Практикум 12. Анализ транскриптомов. Bedtools

Задание №1. Подготовка референса и чтений

Командная строка Функция
 fastqc chr20.1.fastq 
Обработка FastQC
 java -jar /nfs/srv/databases/ngs/suvorova/trimmomatic/trimmomatic-0.30.jar SE -phred33 chr20.1.fastq chr20.1_trim.fastq TRAILING:20 MINLEN:50 
Обрезание концов
 hisat2-build chr20.fasta indexed 
Индексирование
 hisat2 -x indexed -U chr20.1_trim.fastq -S chr20.1_aligntoref.sam --no-softclip 
Картирование чтений из fastq (по индексированной последовательности)
 samtools view -b chr20.1_aligntoref.sam -o chr20.1_align.bam 
Конвертнация в .bam
 samtools sort chr20.1_align.bam chr20.1_align_sorted 
Сортировка по координате в начале чтения
 samtools index chr20.1_align_sorted.bam 
Индексация отсортированного .bam
 htseq-count -i gene_id -s no -m union -f bam chr20.1_align_sorted.bam 
	/nfs/srv/databases/ngs/Human/rnaseq_reads/gencode.v19.chr_patch_hapl_scaff.annotation.gtf -o count.sam >> ready.txt 
Подсчитывает чтения по указанной разметке
Опции:
-f: формат входного файла
-s: специфичность по цепи
-i: атрибут разметки для feature
-m: способ разрешения случаев перекрываний нескольких генов
 grep -E -v '0$' ready.txt 
Вытаскивает строки с попаданием чтений на гены

Задание №2. Анализ результатов FastQC

До обрезки:

мое фото

После обрезки:

мое фото
Результаты:
 Input Reads: 3565 Surviving: 3530 (99,02%) Dropped: 35 (0,98%) 

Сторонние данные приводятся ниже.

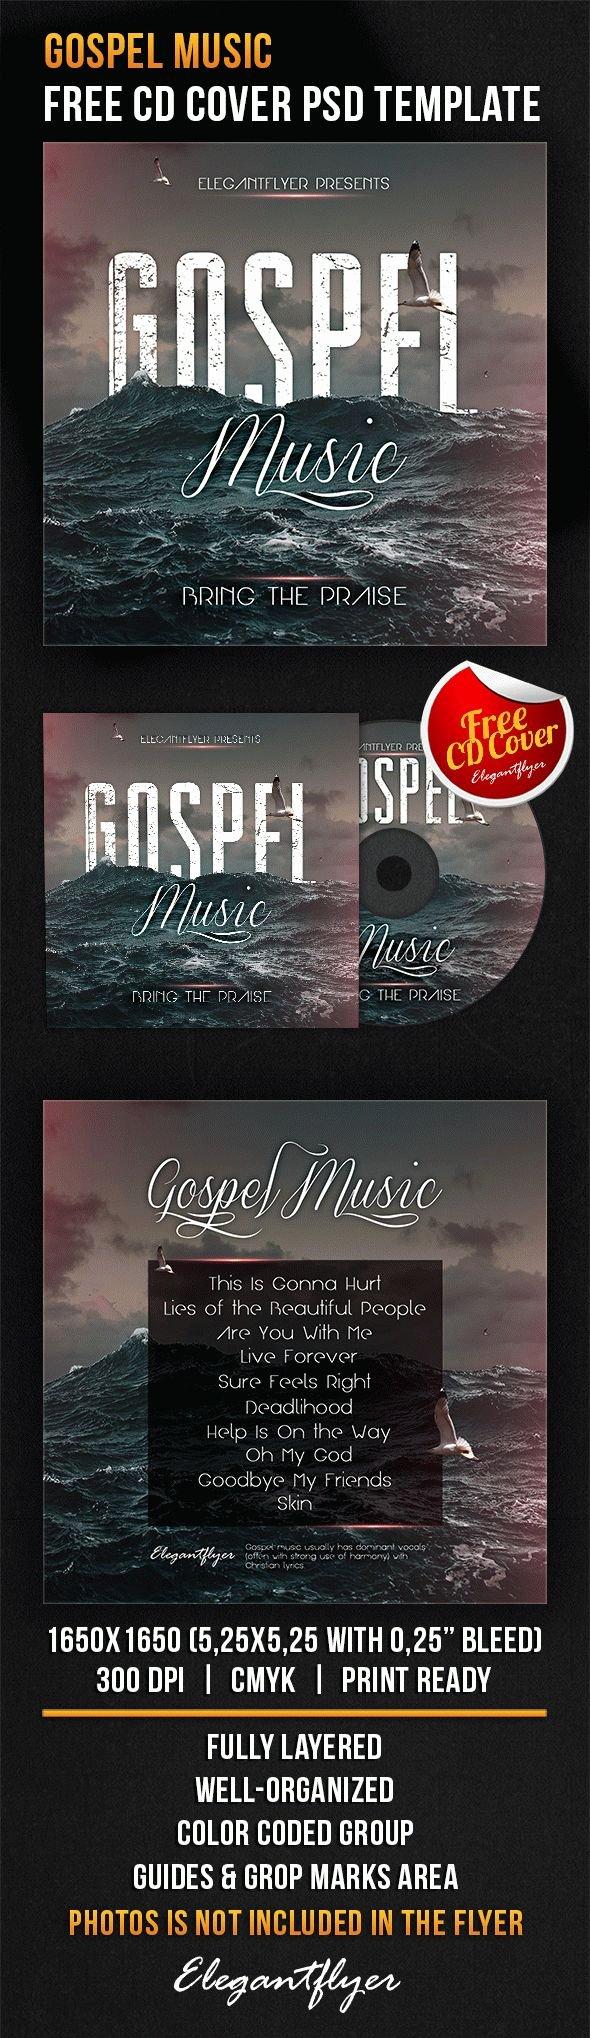 Gospel Music – Free Cd Cover Psd Template – by Elegantflyer

В результате ~99% сохранились, что не особо отличаетя от изначальных данных.

Задание №3. Анализ картирования чтений

98.81% чтений были картированы на хромосому, качество можно считать довольно высоким

 3530 reads; of these:
	3530 (100.00%) were unpaired; of these:
	42 (1.19%) aligned 0 times
	3488 (98.81%) aligned exactly 1 time
	0 (0.00%) aligned >1 times
	98.81% overall alignment rate 

Задание №4. Подсчёт чтений

Из файла, полученного при грепировании файла-результата команды htseq-count, узнаем, сколько ридов легли на конкретный ген.
	ENSG00000125835.13      2081
	ENSG00000251806.1       4
	__no_feature    274
	__ambiguous     1129
	__not_aligned   42
	

274 чтения не попали в гены, для 1129 возникла спорная ситуация (например, попадание в 2 гена одновременно), а 42 чтения не были выровнены.

Белок, кодируемый геном ENSG00000125835.13, является одним из нескольких ядерных белков, которые часто встречаются среди мелких частиц рибонуклеопротеинов U1, U2, U4 / U6 и U5 (snRNP). Эти snRNPs участвуют в сплайсинге пре-мРНК, и кодированный белок также может играть роль в сплайсинге пре-мРНК или структуре snRNP.